Expected behaviour: rational numbers like 1.0 and 0.1 will be represented as Float; they can be saved and loaded again.
Actual behaviour:
When writing column with eltype Decimals.Decimal, Arrow.write(filename,df) will give a method error (see below) and Arrow.write(filename,df;compress=:lz4) will complete without an error, but the resulting table is wrong when re-read (see MWE below).
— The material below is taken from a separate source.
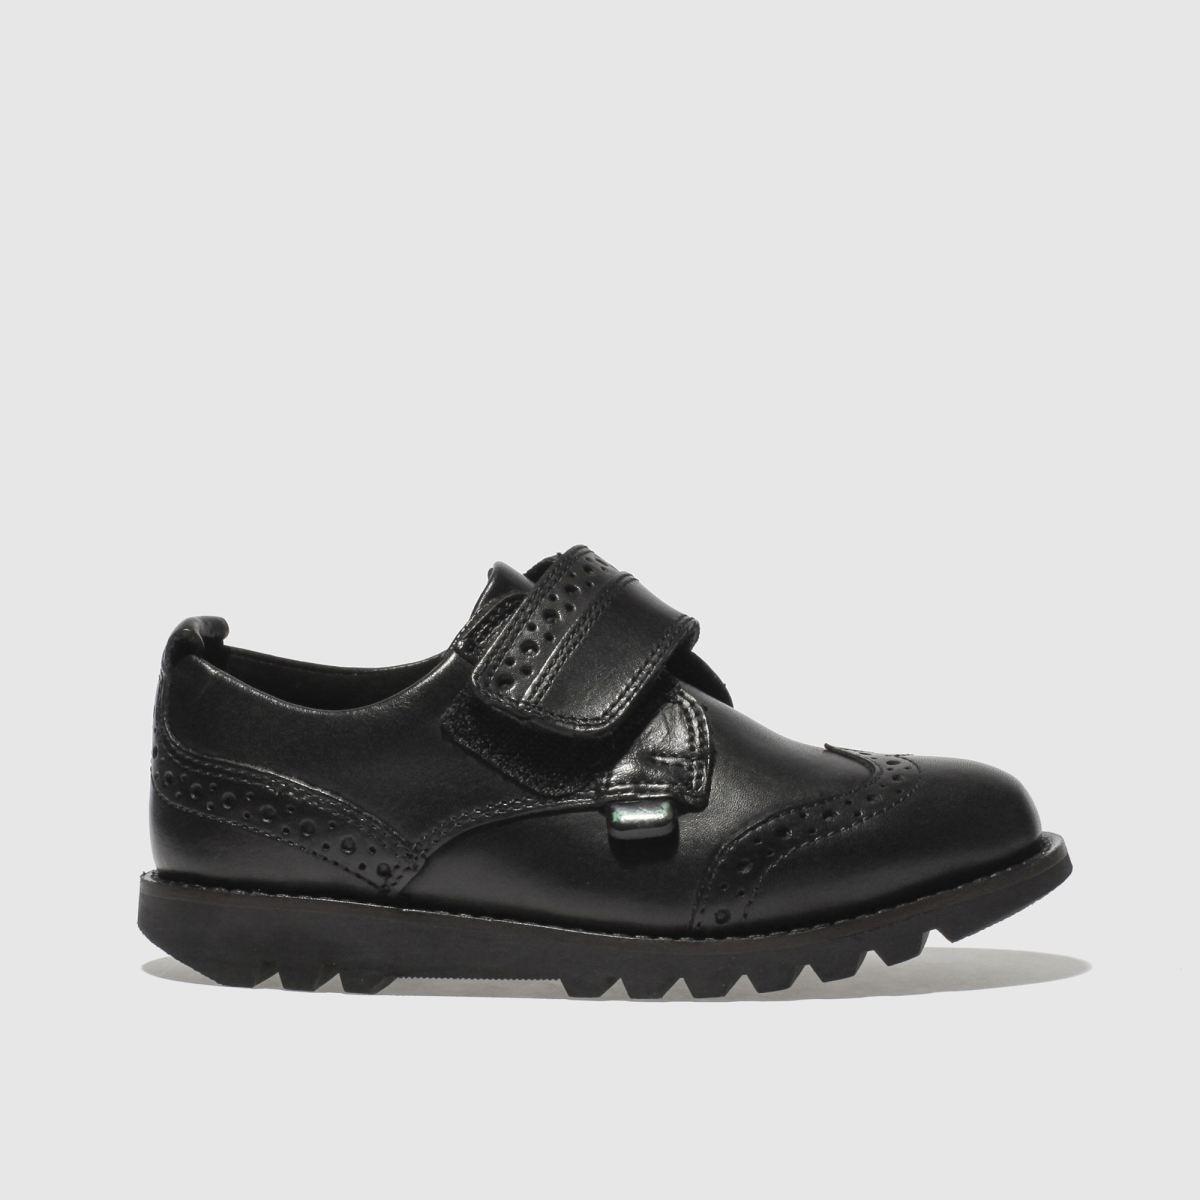 Kickers Black Kymbo Brogue Strap Boys Toddler Shoes

I've had a quick look at the code base and I cannot see any type checks - are those left to the user / MethodErrors?
MWE:
using Decimals
using DataFrames, Arrow
df=DataFrame(:a=>[Decimal(2.0)])
# this will fail with error that Decimal cannot be saved
Arrow.write("test.feather", df)
# nested task error: MethodError: no method matching write(::IOBuffer, ::Decimals.Decimal)
# this will succeed
Arrow.write("test.feather", df;compress=:lz4)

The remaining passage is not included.